Леонид Зорин - Трезвенник
— Забыть не могу, как ты мне рассказывал, что мама велела тебе сторониться девушек из города Сальска.
— Да, — вздохнул я, — а я ее послушал.
Когда пришла пора мне отчалить, она сказала:
— Дай-ка свой пропуск. Отмечу тебе. А то не выпустят.
— Ты напиши, что работу мы сделали.
— И так поймут. Тут серьезные люди.
И впрямь, охрана, удостоверясь, что пропуск отмечен, сказала отечески: «Все в порядке. Можете следовать». Я вышел из кузницы идеологов в густой муравейник Садово-Кудринской.
Я бережно намекнул Учителю, что перспективы его неплохи. Когда он узнал, что я зашел со стороны Лужнецкой набережной, он только горестно рассмеялся: лишь чистый, как певчая пташка, лирик может толкнуться в этот гадюшник. Теперь ему ясно, что он обречен.
Я кротко заметил:
— Там видно будет.
Через неделю раздался звонок. То был потрясенный Мельхиоров. Он прохрипел:
— Сикамбр, ты гений. Ты — хитроумный Одиссей. С тобой говорит индивид с ордером. Почтительнейше снимаю картуз.
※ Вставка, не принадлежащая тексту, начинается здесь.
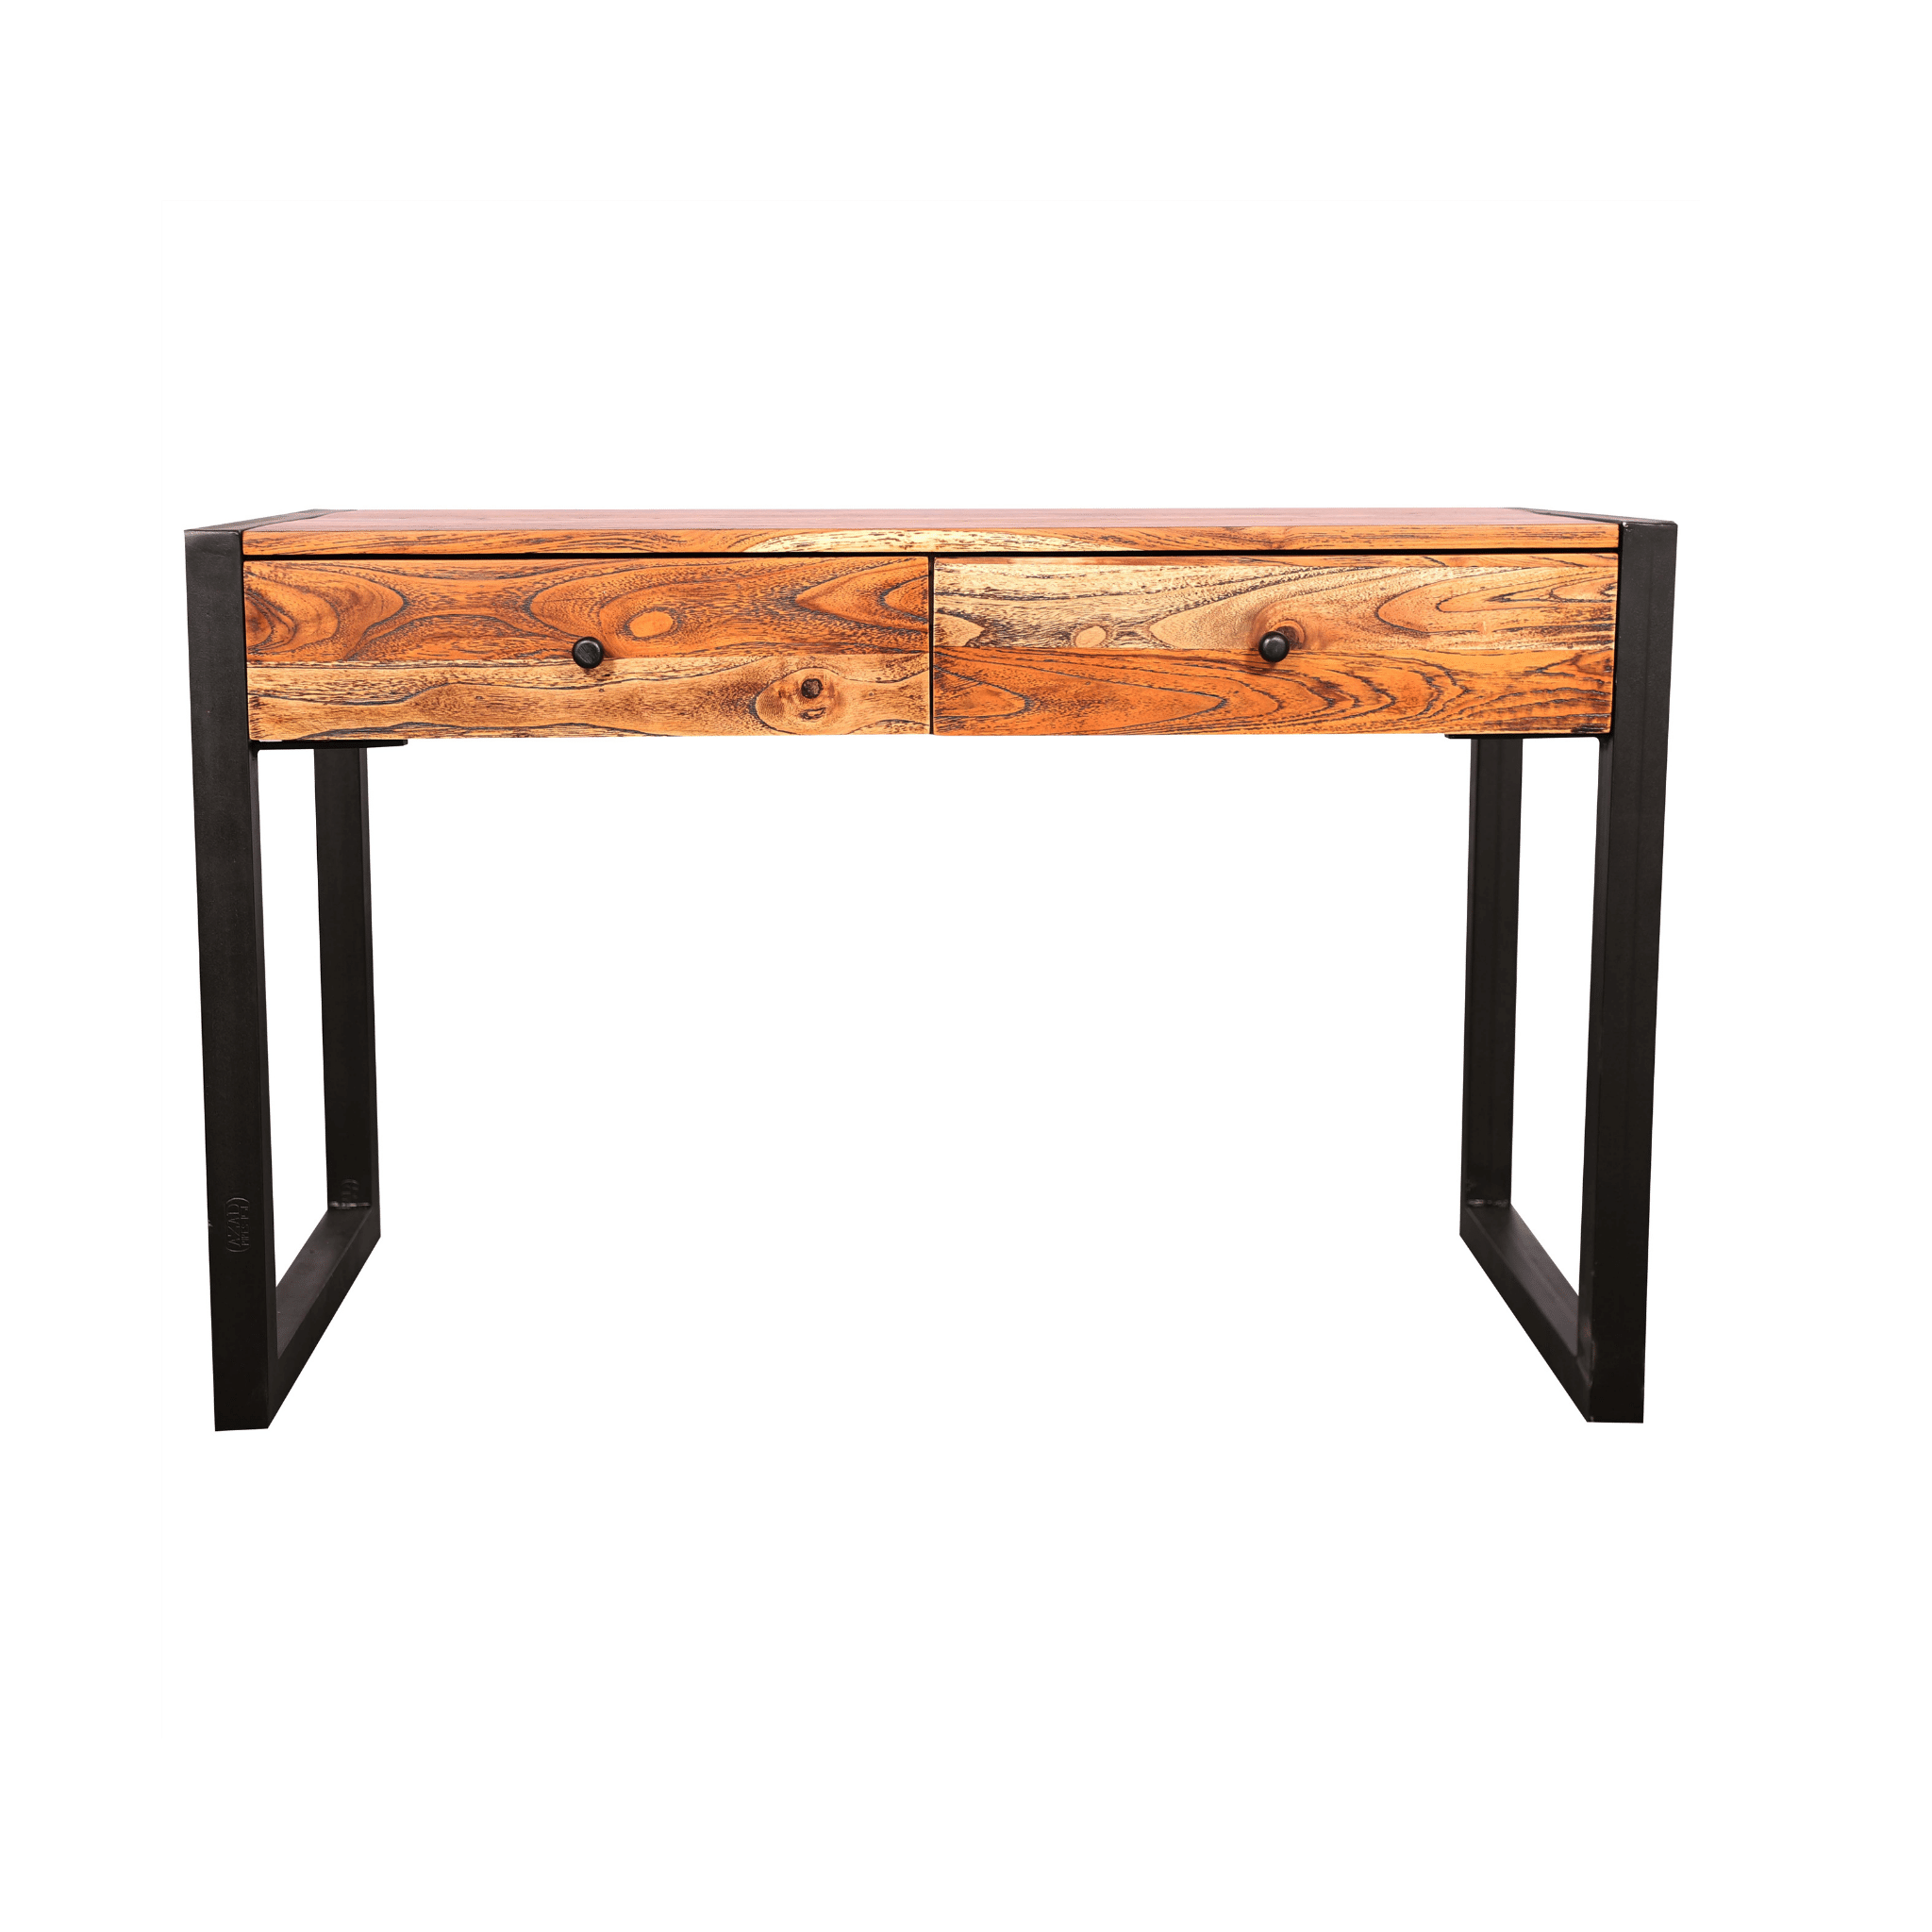 Sagwan vintage design hall 2 drawers and storage shelf console table study table weatherwood finish on wooden box

Немногословные англичане так говорят о таких, как ты: «Он из атторни стал барристером». Твой правовой интеллект всемогущ. Еще раз повторяю: шапо’!
Должен сознаться, я был смущен. Не знаю, кто заслужил эту оду. Во всяком случае, не интеллект. Но Мельхиоров был в ажитации:
— Две комнаты! Совмещенный санузел. Есть и прихожая для вешалки. Территорию не окинуть глазом. Раиса Васильевна даже зажмурилась. Мою признательность, широкую, как море, вместить не смогут жизни берега. За несколько дней мы приберемся, и я приглашу тебя на пианство.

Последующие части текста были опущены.